## WHAT YOU HAVE TO DO
Every line from the one holding "Solderless Copper Mechanical Lug" through the one holding "person arranging bouquet of flowers" in the data below must be returned exactly, both ends included, with pictures left out and nothing else added.

## DATA PROVIDED

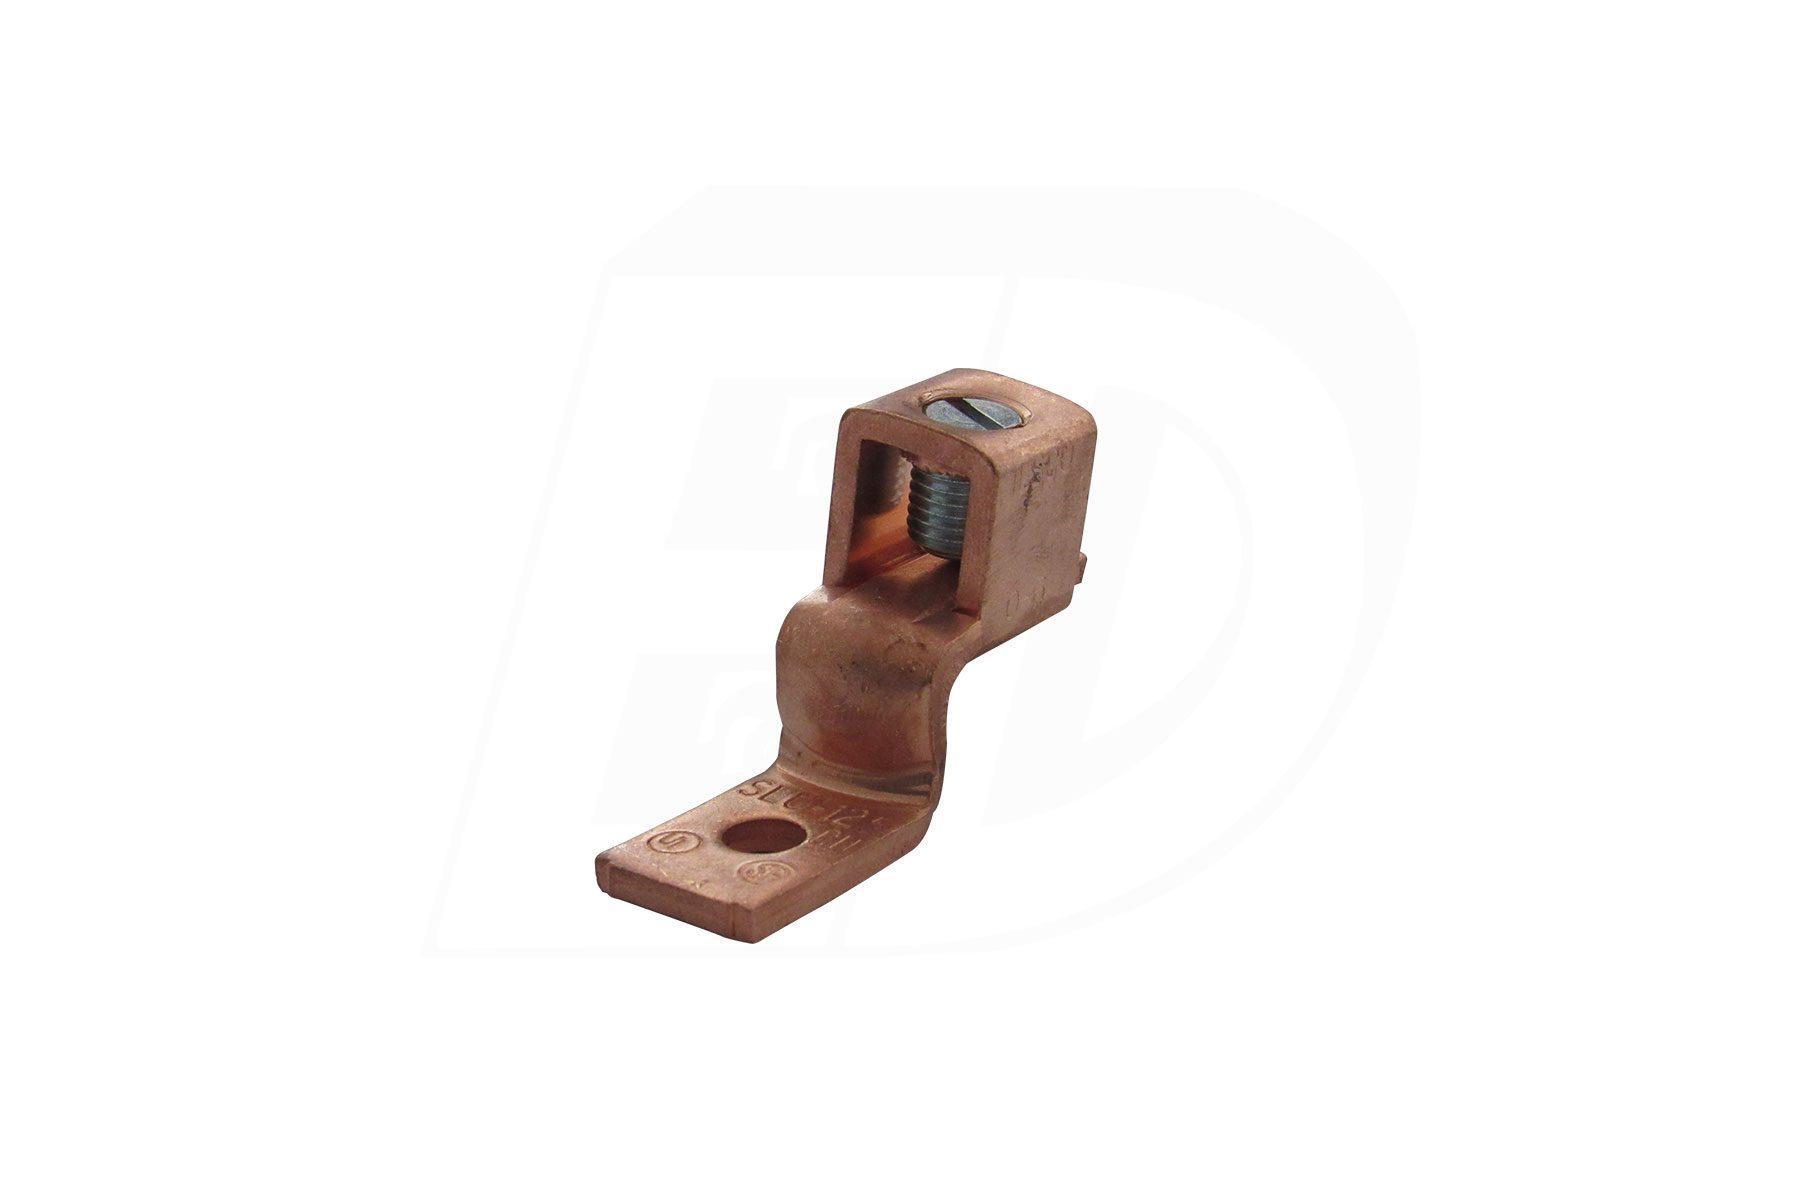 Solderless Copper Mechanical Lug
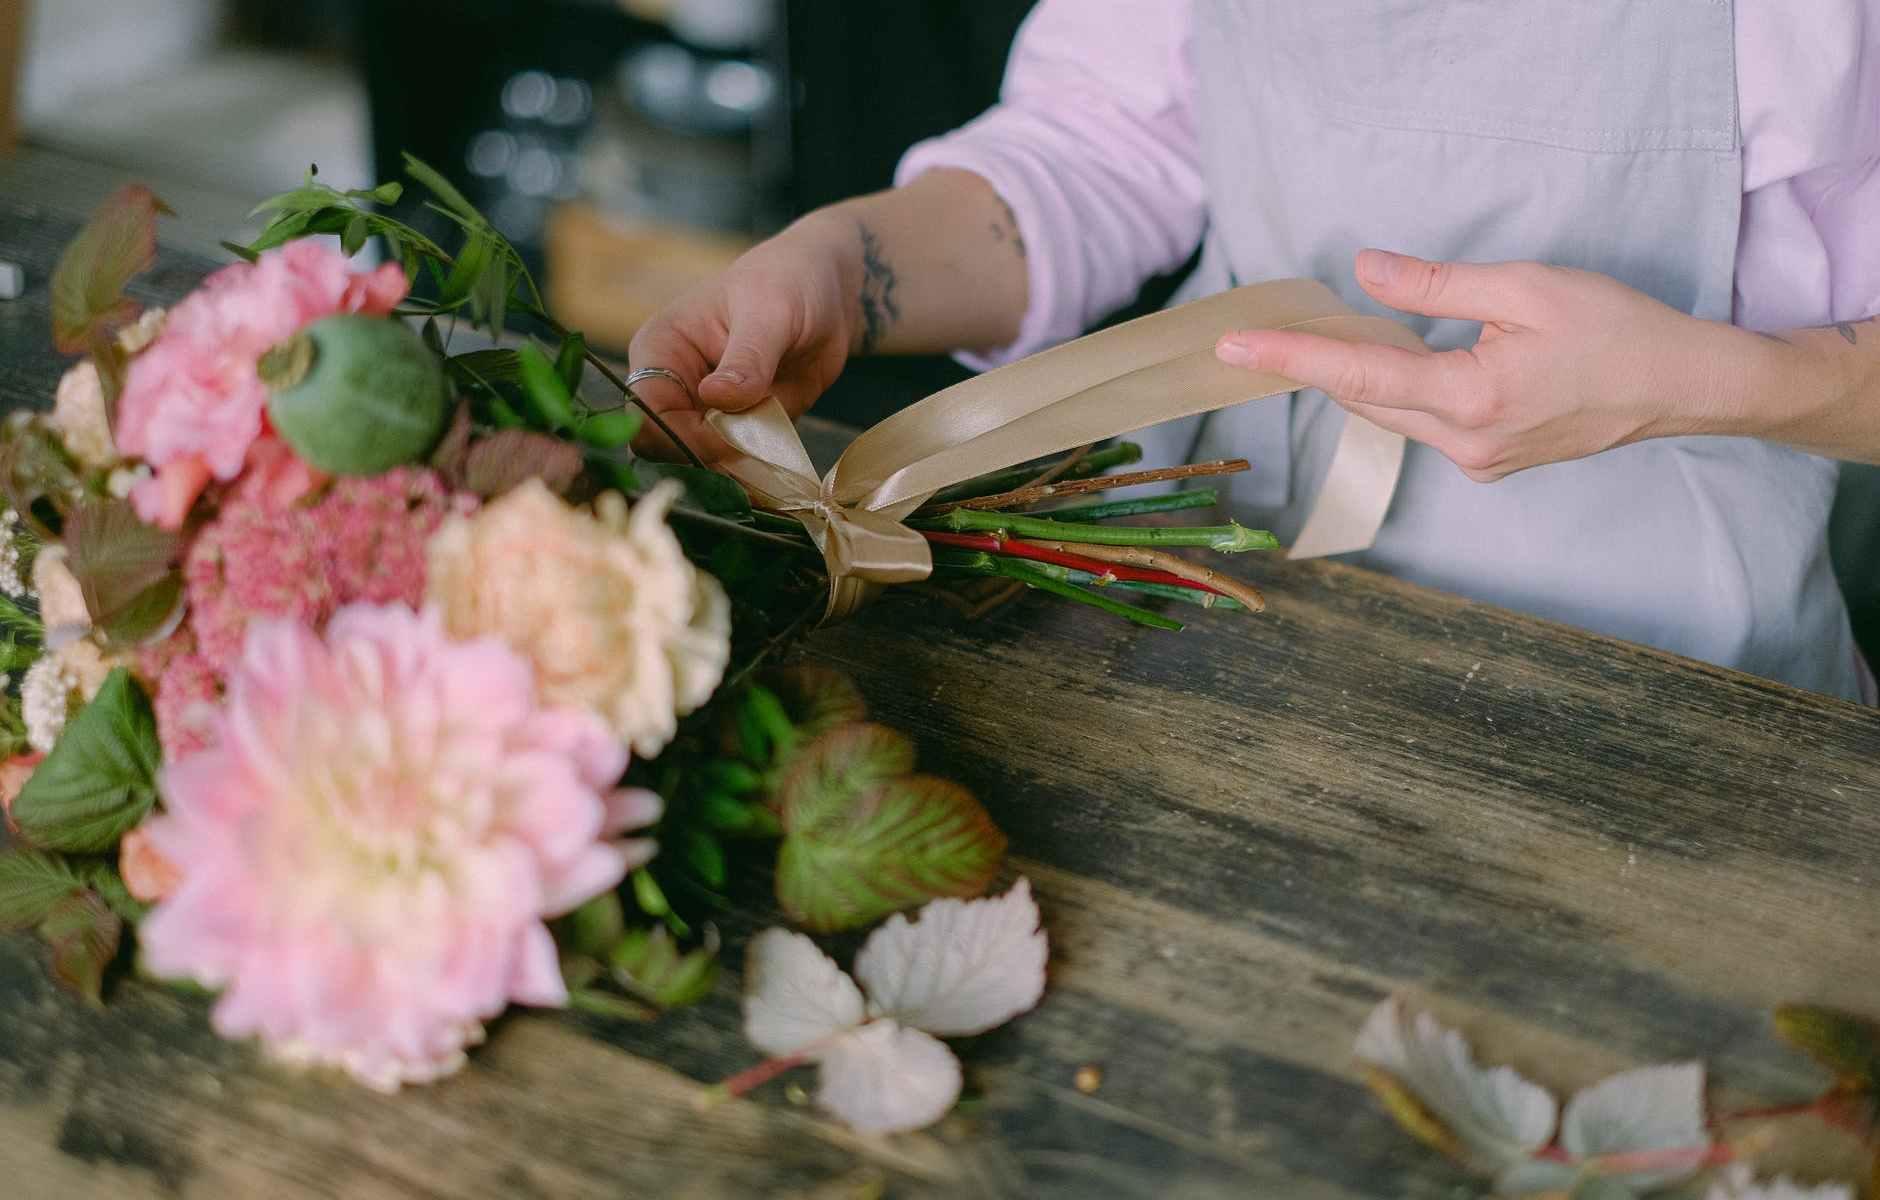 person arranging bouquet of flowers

...

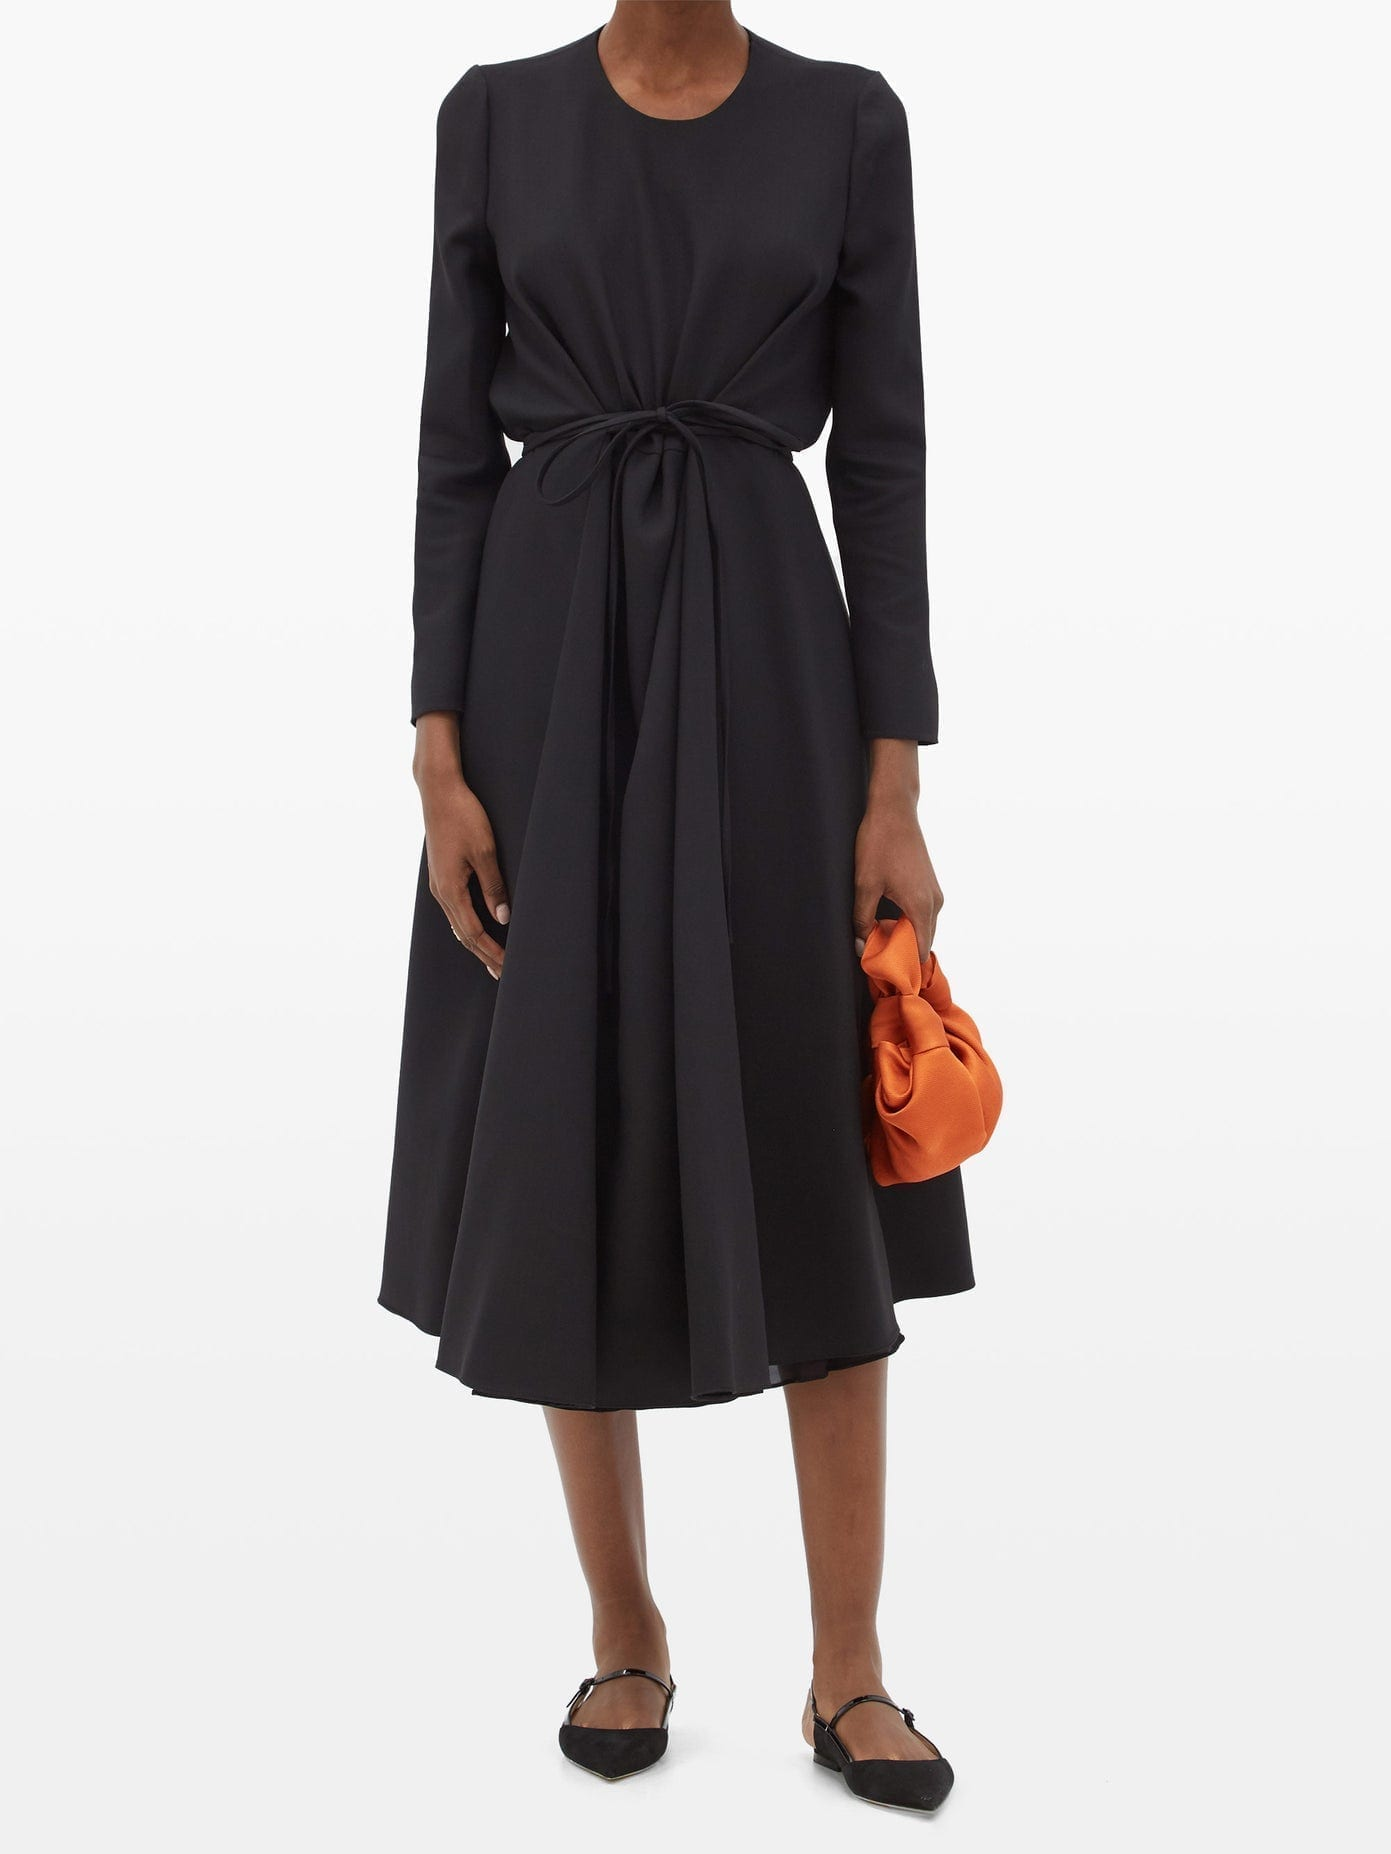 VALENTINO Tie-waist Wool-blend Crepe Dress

## TASK RESULT
 Solderless Copper Mechanical Lug
 person arranging bouquet of flowers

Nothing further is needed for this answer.